Quels sont ceux ayant des bénéfices scientifiquement prouvés? Mathilde Touvier, chercheuse à l'Inserm en épidémiologie de la nutrition, cite par exemple "la vitamine B9, ou acide folique, utile lorsque l'on souhaite tomber enceinte, car elle permet d'éviter des malformations en début de grossesse". Et, en cas de carence diagnostiquée, on sait que la complémentation aide à retrouver ou maintenir des niveaux normaux. Par exemple, du fer pour les femmes ayant des règles abondantes, de la vitamine B12 pour les végétaliens, de la vitamine D pour les enfants en pleine croissance et les personnes ayant un risque d'ostéoporose. 

Au contraire, certains effets nocifs sont avérés. Les personnes ayant ou ayant eu un cancer hormono-dépendant ne doivent pas consommer de compléments à base de phytoestrogènes, car un lien avec la prolifération des cellules cancéreuses a été observé. Autre exemple, chez les fumeurs, le bétacarotène à forte dose n'a plus d'effet antioxydant, mais augmente au contraire l'incidence de cancer du poumon.  

Mathilde Touvier souligne qu'au final, pour un très grand nombre de compléments alimentaires, nous avons beaucoup de résultats contradictoires. "Ce grand flou amène à la prudence", déclare la chercheuse. Surtout lorsque l'on sait que "les compléments alimentaires ne sont pas nécessaires pour couvrir les besoins lorsque l'on est dans la population générale. Une alimentation équilibrée suffit". Et c'est souvent plus efficace! Par exemple, "l'oméga 3 en capsules est moins bien absorbé que celui des sardines", souligne Florence Foucaut. 

Quels sont les risques?
L'Anses (Agence nationale de sécurité sanitaire de l'alimentation, de l'environnement et du travail) a mis en place un dispositif de nutrivigilance pour identifier les éventuels effets indésirables des produits. Sur les 1500 signalements décomptés fin 2014, 76% sont liés à la consommation de compléments alimentaires.  

En plus de ces potentiels effets indésirables, il y un risque de surdosage, de compétition -trop d'un minéral peut ainsi freiner l'absorption d'un autre- ou encore d'interactions négatives avec des médicaments. Par exemple, le millepertuis interagit avec de nombreuses familles de médicaments. 

Capsules et gélules: un risque pour la santé?

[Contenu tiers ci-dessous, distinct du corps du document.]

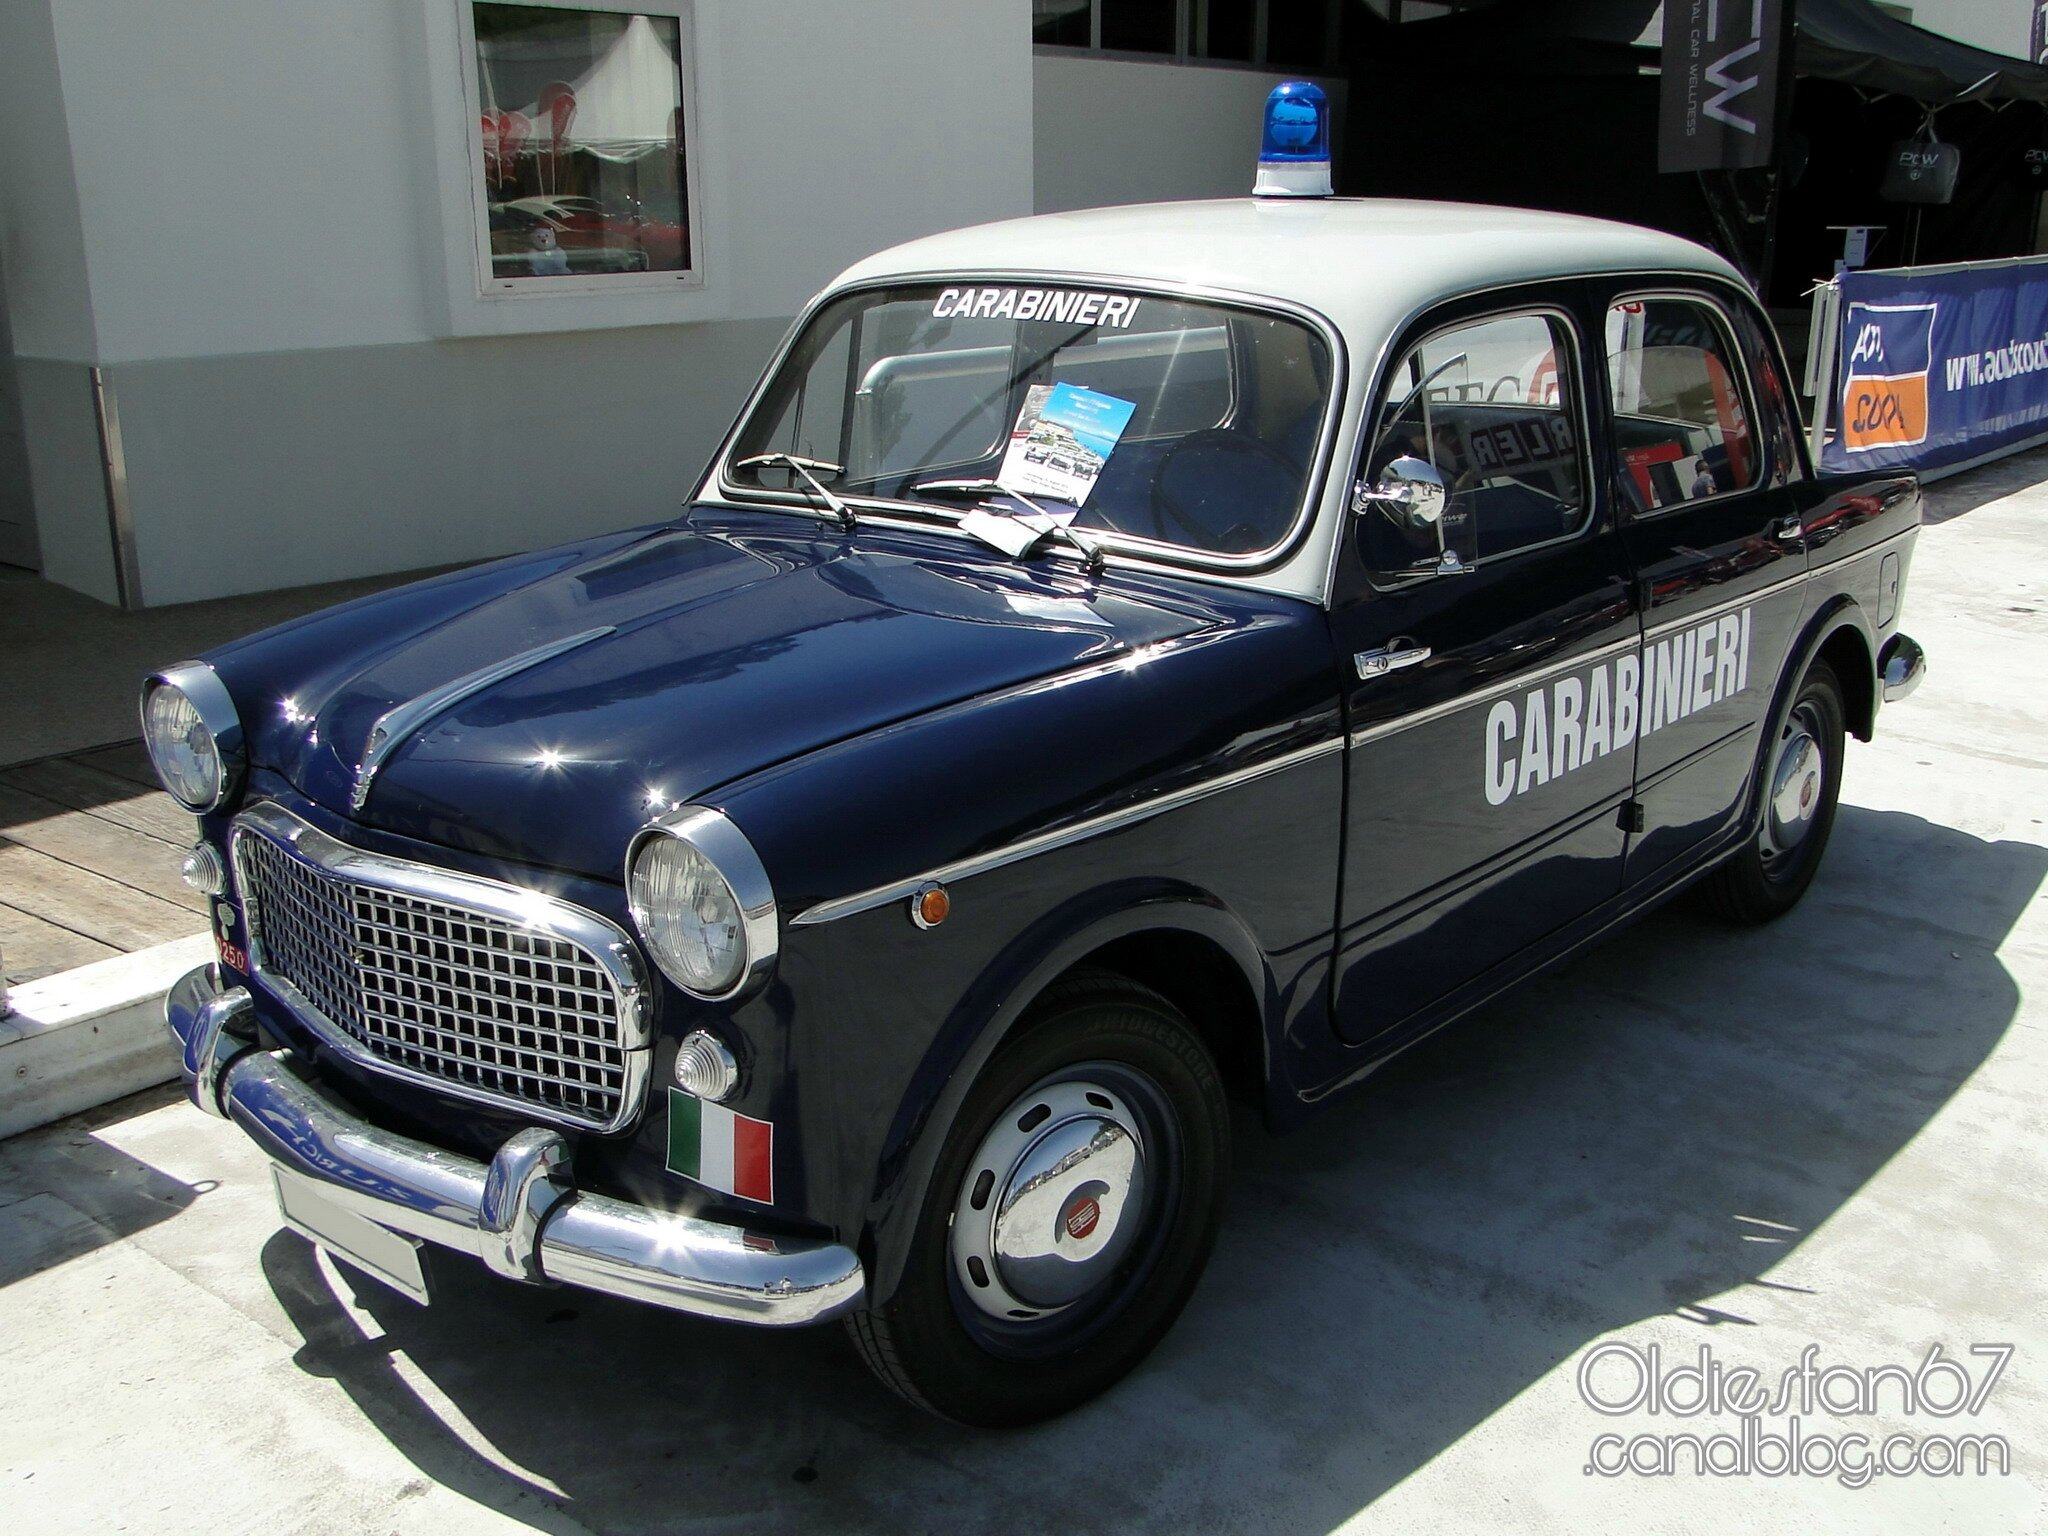 fiat-1100-103-carabinieri-1958-1961-01

Les compléments alimentaires capillaires ont plus un effet sur la qualité du cheveu que sur la pousse.Les compléments alimentaires capillaires ont plus un effet sur la qualité du cheveu que sur la pousse.Getty Images/David Malan
Le contenant est souvent fabriqué en gélatine, dont le processus de production est aujourd'hui très réglementé. Toutefois, d'après Marie-Paule Vasson, "a priori, il y a peu de risques concernant la nature des contenants, similaires à ceux de l'industrie pharmaceutique". Cependant, "certaines précautions sont à respecter selon la nature des ingrédients: par exemple, les acides gras polyinsaturés sont sensibles à la lumière, aussi leurs contenants doivent être colorés". 

Quelles précautions prendre avant d'en prendre?

L'Anses recommande "d'éviter des prises prolongées, répétées ou multiples au cours de l'année de compléments alimentaires sans s'entourer des conseils d'un professionnel de santé". Mieux vaut lire attentivement les étiquettes, respecter les précautions d'emploi, et consulter dans tous les cas un médecin, un diététicien ou un pharmacien. En cas d'effet indésirable, il faut aussi se tourner vers un professionnel, qui les signalera à l'Anses.  

Il est également conseillé d'acheter les compléments alimentaires en pharmacie, et non pas sur d'obscurs sites Internet étrangers, qui proposent potentiellement des substances interdites par la législation française.  

Enfin, comme le souligne la diététicienne Florence Foucaut, "l'apport journalier en vitamine C, c'est 110mg, soit un ou deux fruits crus. Il vaut donc mieux opter pour des fruits, qui sont moins chers et contiennent en outre des fibres". D'une manière générale, mieux vaut réserver la consommation de compléments à des situations particulières de déficit avéré, et plutôt miser sur une alimentation équilibrée dans la vie de tous les jours.